Quickloop is built around the OpenAI Gym environment framework and thus supports drop-in regression and reinforcement learning explorations. With a Quickloop around a reference Berkeley’s Gemmini DNN accelerator, we exhaustively explore its parameter space and discover complex performance patterns, based on full-stack simulation of Imagenet benchmarks as a workload. Compared to conventional FPGA toolflow, we further show that Quickloop effectively reduces episodal time by above 30%, as the episode approaches realistic lengths.

求助全文

通过发布文献求助，成功后即可免费获取论文全文。去求助

来源期刊

Journal of Systems Architecture 工程技术-计算机：硬件

CiteScore

8.70

自引率

15.60%

发文量

226

审稿时长

46 days

期刊介绍： The Journal of Systems Architecture: Embedded Software Design (JSA) is a journal covering all design and architectural aspects related to embedded systems and software.
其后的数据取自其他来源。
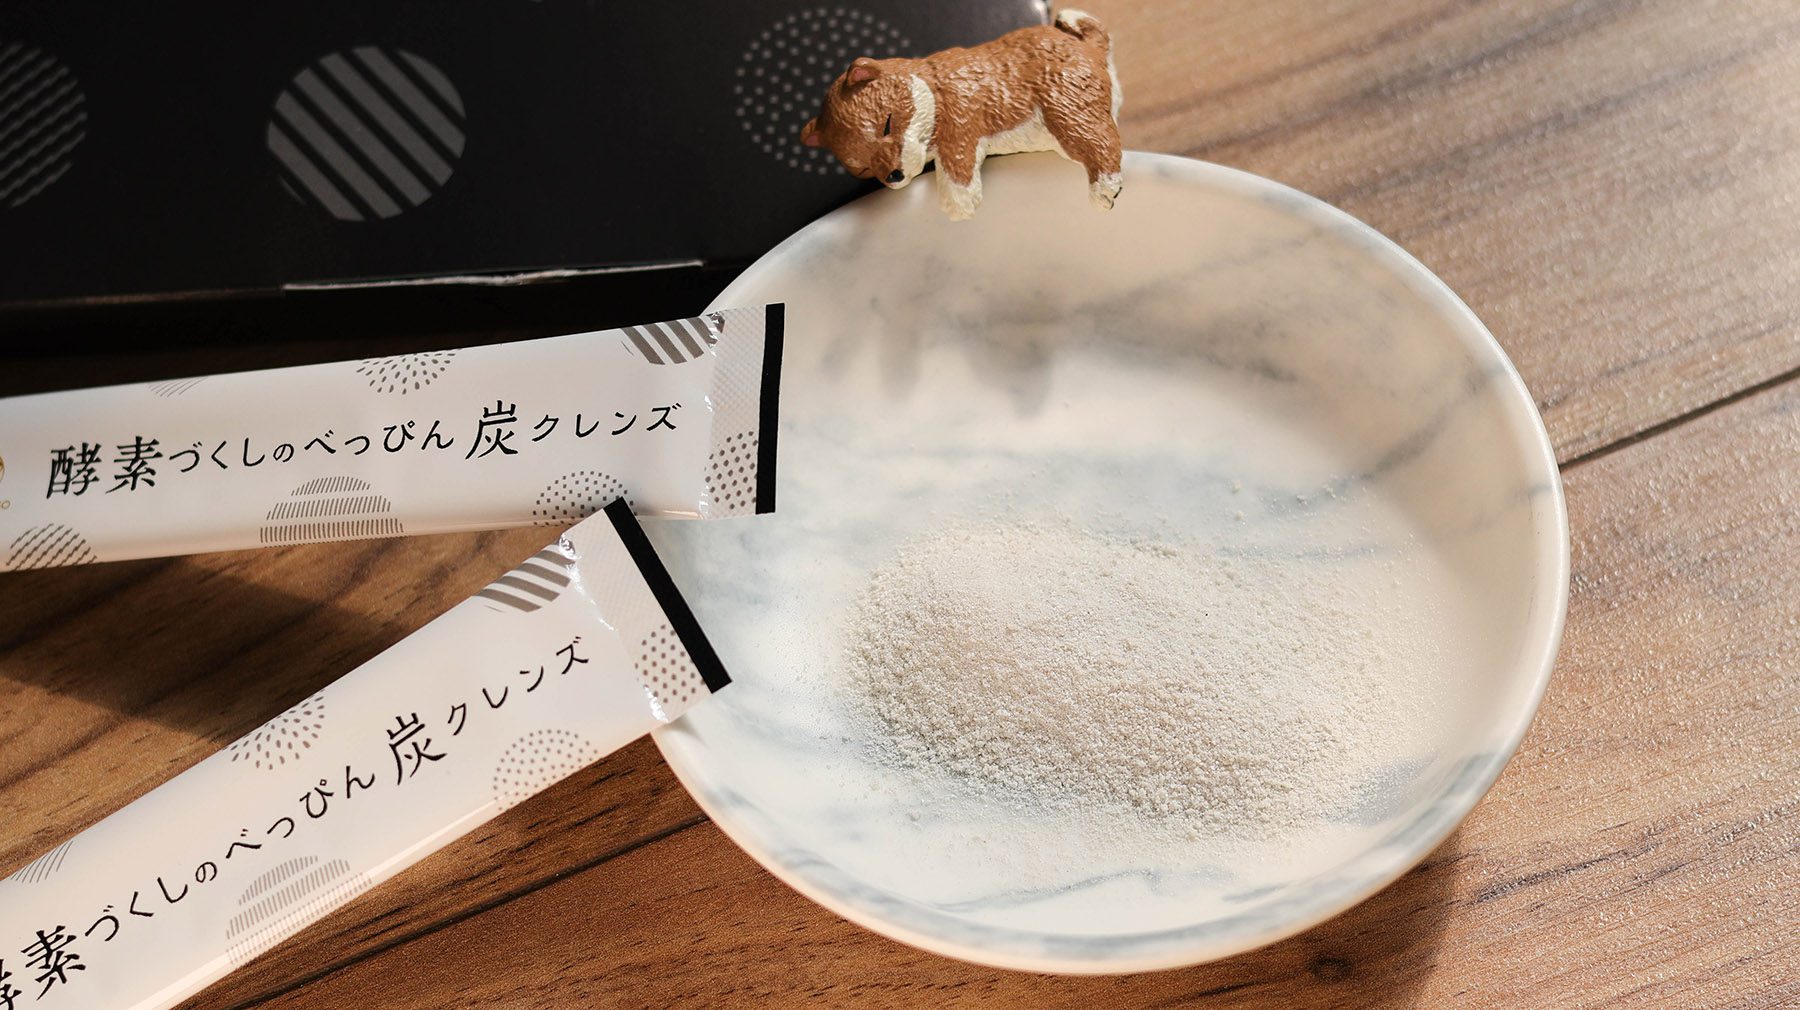 DIET-PREMIUM炭輕盈纖淨酵素粉／使用美人炭、來自日本正港日本製 @Rosa的秘密花園
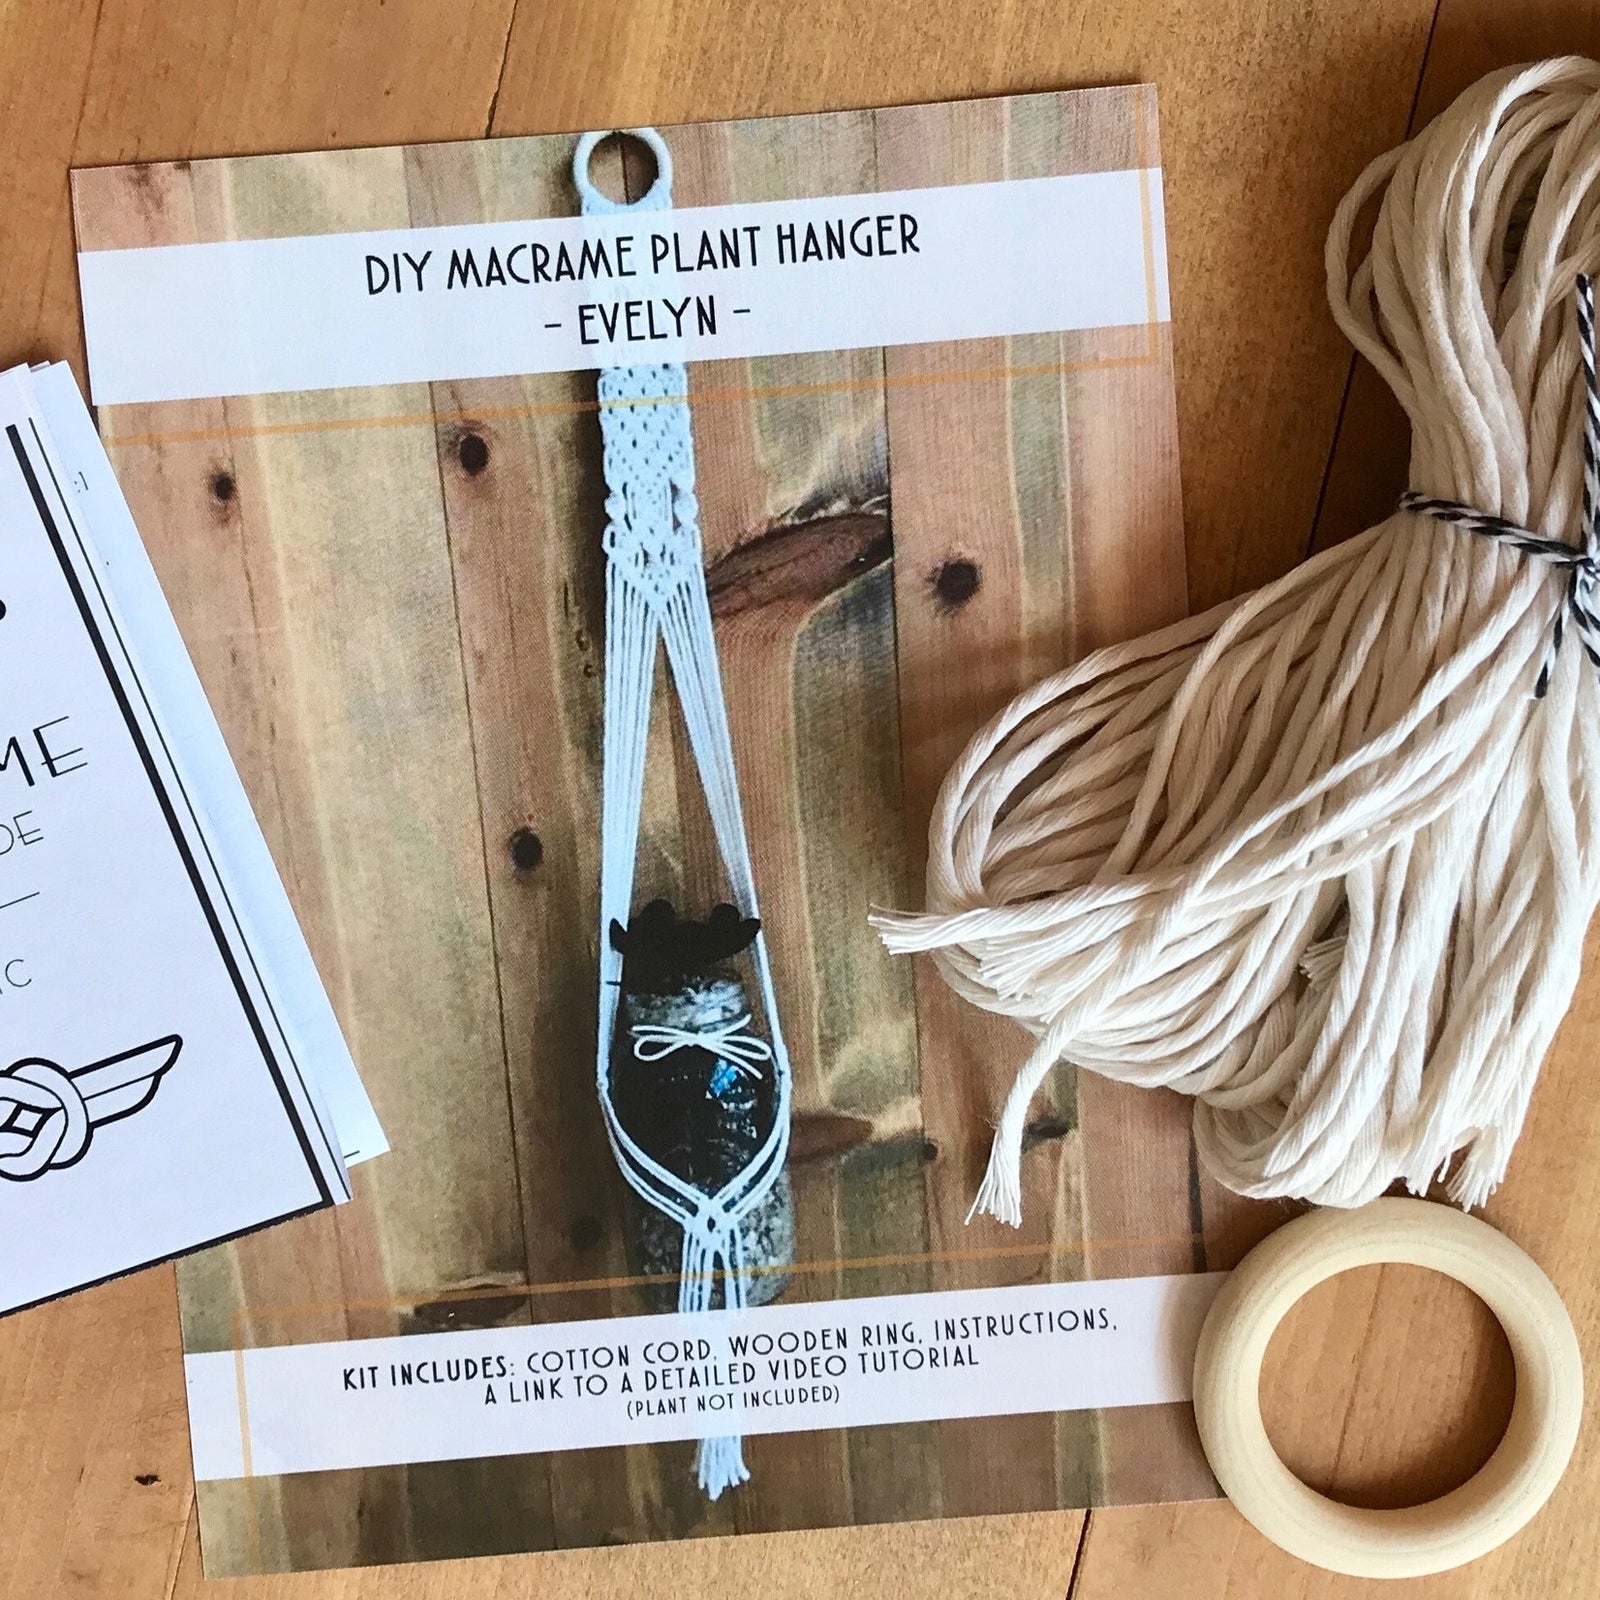 DIY Macrame Plant Hanger Kit- The Evelyn

It ranges from the microarchitecture level via the system software level up to the application-specific architecture level. Aspects such as real-time systems, operating systems, FPGA programming, programming languages, communications (limited to analysis and the software stack), mobile systems, parallel and distributed architectures as well as additional subjects in the computer and system architecture area will fall within the scope of this journal. Technology will not be a main focus, but its use and relevance to particular designs will be. Case studies are welcome but must contribute more than just a design for a particular piece of software. Design automation of such systems including methodologies, techniques and tools for their design as well as novel designs of software components fall within the scope of this journal. Novel applications that use embedded systems are also central in this journal. While hardware is not a part of this journal hardware/software co-design methods that consider interplay between software and hardware components with and emphasis on software are also relevant here.